In general, miRNAs perform their functions via suppression of specific target genes. To find a novel target through which miR-27a exerts its effects in GC, we employed an integrated approach using public bioinformatics tools. PHLPP2 was predicted as a direct target of miR-27a using bioinformatics algorithms. We next verified this prediction via qRT-PCR, Western blot and dual luciferase report assays. We found that the mRNA expression of PHLPP2 was significantly down-regulated in GC patient specimens and it was inversely associated with miR-27a levels. The levels of PHLPP2 mRNA and protein were reduced upon the upregulation of miR-27a in AGS cells, while the levels of PHLPP2 mRNA and protein were increased upon the down-regulation of miR-27a in SGC-7901 cells. As a member of the Ser/Thr protein phosphatase family, PHLPP2 is critical for suppressing cell survival by negatively modulating the signaling pathways stimulated by AKT, PKC, MAPK and Mst1 [
32‐
36]. To confirm whether PHLPP2 is a target that mediates the function of miR-27a, we performed a loss of function approach to functionally characterize PHLPP2 in growth and metastasis of GC. We found that PHLPP2 silencing can partially attenuate the effects produced by miR-27a inhibition on cell proliferation, apoptosis, migration and invasion. Studies have shown that PHLPP2 can directly dephosphorylate AKT to inhibit its signaling activity [
25,
26]. Our results revealed that p-AKT and CyclinD1 expression was down-regulated, p21 and p27 was upregulated in SGC-7901 cells where miR-27a was suppressed, while PHLPP2 silencing could abolish these changes. These findings indicate that the PHLPP2/AKT axis contributes to the miR-27a-mediated progression of GC. Meadow’s study found that AKT could promote EMT by suppressing the GSK3β kinase activity [
37]. Phosphorylated and inactivated GSK3β can promote the activity of Snail, further inhibiting E-cadherin expression and resulting in EMT [
38,
39]. Cancer cell metastasis is highly related to EMT process.
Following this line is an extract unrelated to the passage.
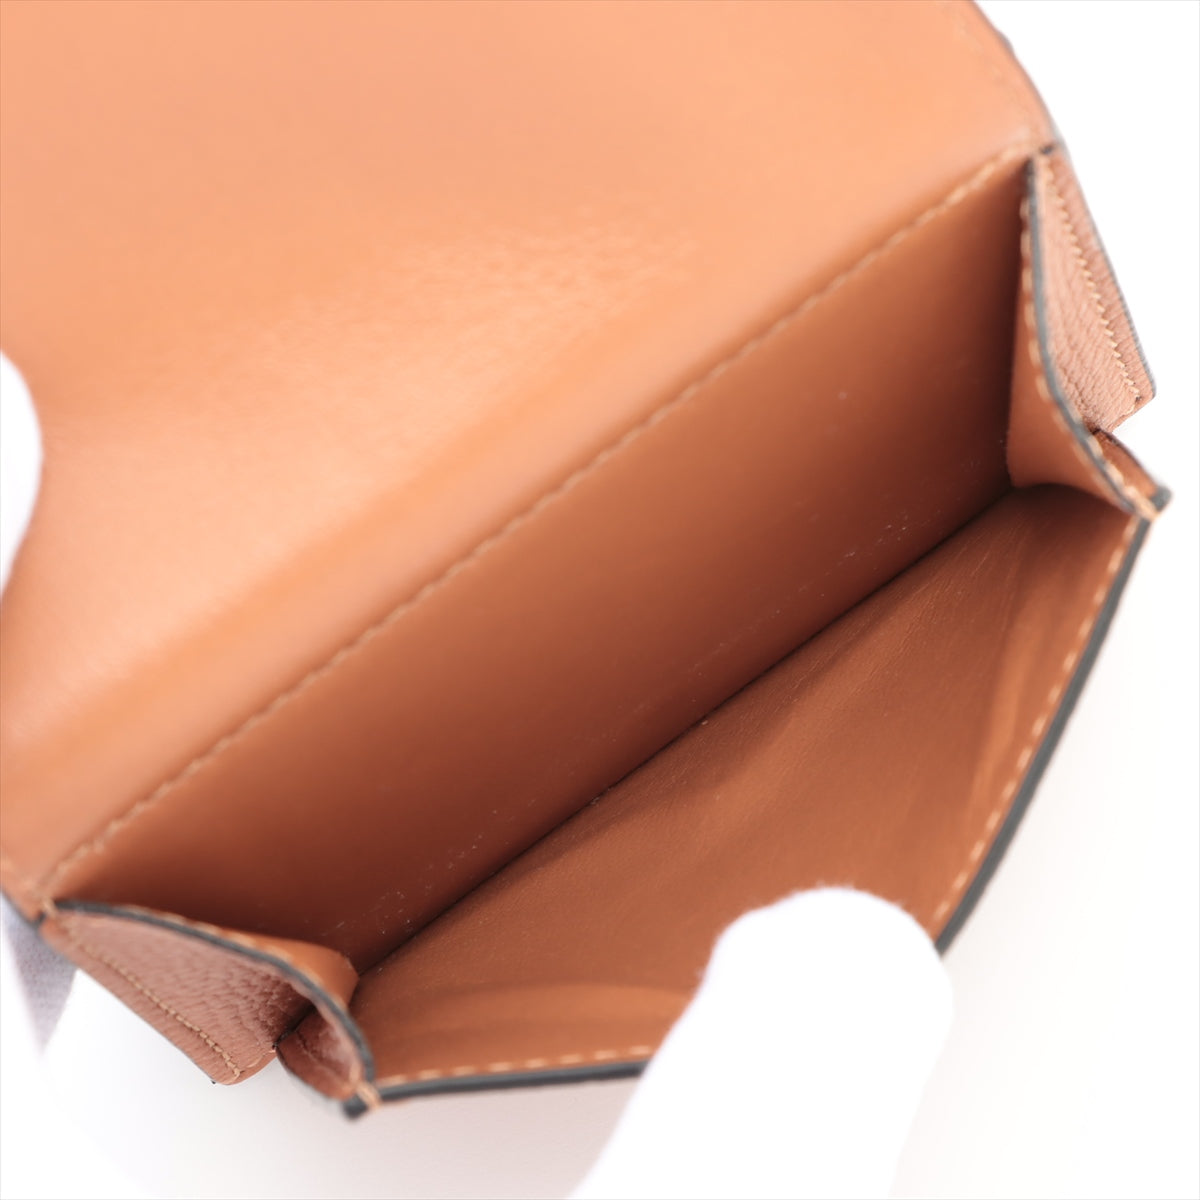 Loewe Anagram Tri Fold Leather Wallet Brown

Aberrant expression of E-cadherin, Vimentin and Snail is associated with EMT and tumor metastasis [
40,
41]. In this study, we found that the increase in the expression of miR-27a was associated with higher frequency of lymph node metastasis and distant metastasis in the patients with gastric cancer. By examining the expression of E-cadherin, Vimentin, Snail and p-GSK3β, we demonstrated that miR-27a might promote EMT through an Akt/GSK3β dependent pathway. Some previous studies also reported that miR-27a is related to cancer metastasis. Pan W et al. showed that miR-27a contributes to metastatic properties of osteosarcoma cells by targeting MAP2K4 [
42]. Li J et al. found that miR-27a promotes lung adenocarcinoma cells metastasis by interacting with RKIP [
43]. Here we found that miR-27a promoted gastric cancer cells metastasis by interacting PHLPP2, which is novel finding and has not been reported previously to the best of our knowledge.
Conclusions
In summary, our current study demonstrated that miR-27a possessed tumor inducing effects on gastric cancer through the novel target PHLPP2. Downregulation of miR-27a suppressed multiple malignant biological behaviors, including inhibition of tumor cell growth, and reduction of tumor cell migration and invasion. In addition, silencing of PHLLP2 could abolish malignant biological behaviors changes induced by inhibition of miR-27a. Conclusively, our findings indicated that miR-27a acted as an oncogene in GC and clarified its functional mechanism. Further studies will confirm if miR-27a could actually be used as a novel target for GC prevention and therapy.
Acknowledgements
We thank The Cancer Genome Atlas (TCGA) project for providing data. We also thank the American Journal Experts (AJE) for editing and proofreading this manuscript.